The present invention relates generally to a circuit breaker. More specifically the present invention relates to an arc fault circuit breaker.
Arc fault circuit breakers are well known. These breakers comprise contacts that open upon sensing arcing from line to ground, and/or from line to neutral. Arc fault circuit breakers typically use a differential transformer to measure arcing from line to ground. Detecting arcing from line to neutral is accomplished by detecting rapid changes in load current by measuring voltage drop across a relatively constant resistance, usually a bi-metal resistor.
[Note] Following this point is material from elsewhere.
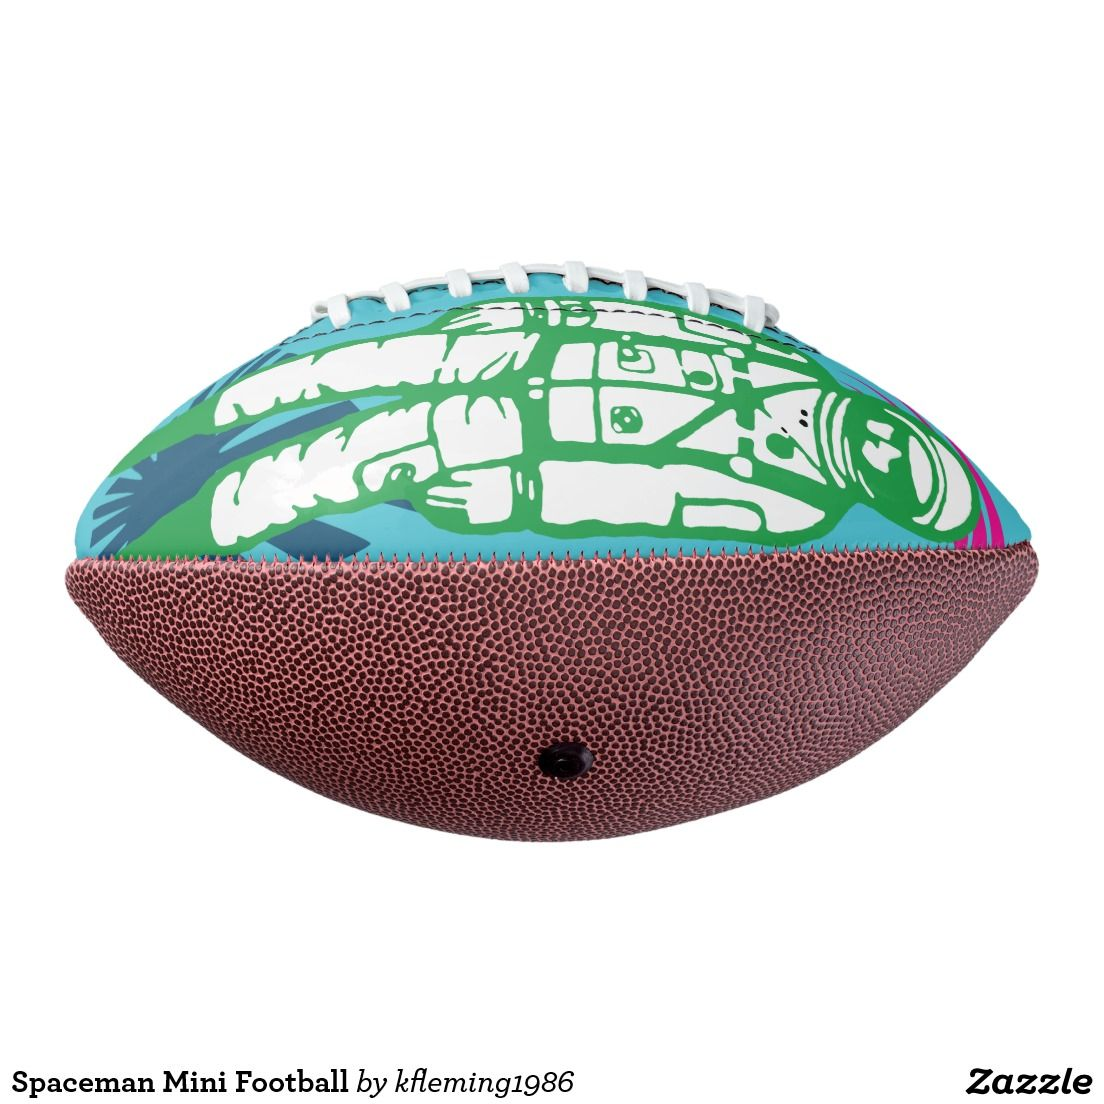 eed6c8e5a62 Spaceman Mini Football

Components of arc fault circuit breakers are generally assembled into separate compartments as defined by their function. More specifically, mechanical components, e.g., load current carrying and switching components, of each pole are assembled into mechanical compartments, while the current sensing components are assembled into an electronics compartment. In order to connect the compartments, the load current of each pole must be routed from the mechanical compartments into the electronics compartment, through appropriate current sensing devices, and back into the mechanical compartments. Additionally sensing lines, e.g., from the bi-metal resistors, must also be routed from the mechanical compartments into the electronics compartment. Because these circuit breakers sense arc faults, which are essentially short circuits, the connections of the load current carrying components throughout the circuit breaker must be capable of withstanding enormously high surge currents, sometimes in excess of 10,000 amps. The stresses caused by these extremely large surge currents can blow a connection apart that is not manufactured to proper quality standards. This means that during the assemble process, high quality connections, e.g., welds, bolts, or crimps, must be carefully made and inspected in order to survive the extremely high surge currents, and must be completed at a rate that meets the production schedule.
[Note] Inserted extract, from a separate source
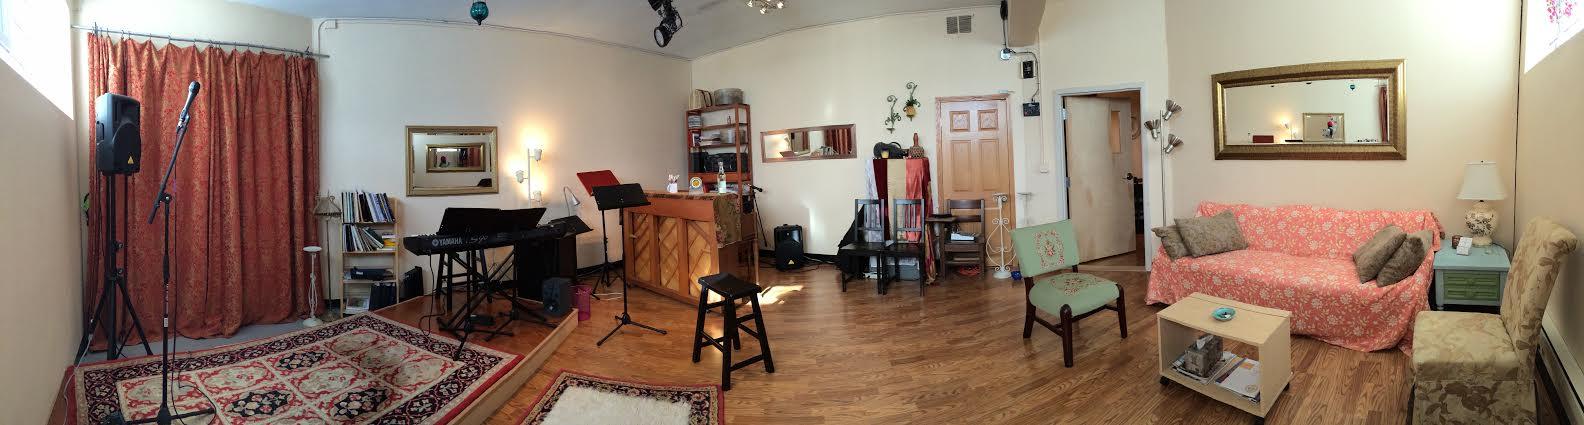 Chanson Voice & Music Academy Studio

The electronics compartment typically includes a solenoid having a plunger shaft with a right-angle plunger arm attached at one end thereof. During assembly of the circuit breaker, the plunger arm must drop into a slot in the mechanical compartment for activating a trip mechanism during operation. It will be appreciated that since the plunger shaft is cylindrical, both the plunger shaft and the plunger arm attached to it easily rotate. When the electronics compartment is mated with the mechanical compartment, the plunger arm has been known to rotate in such a manner that it wedges between the two compartments.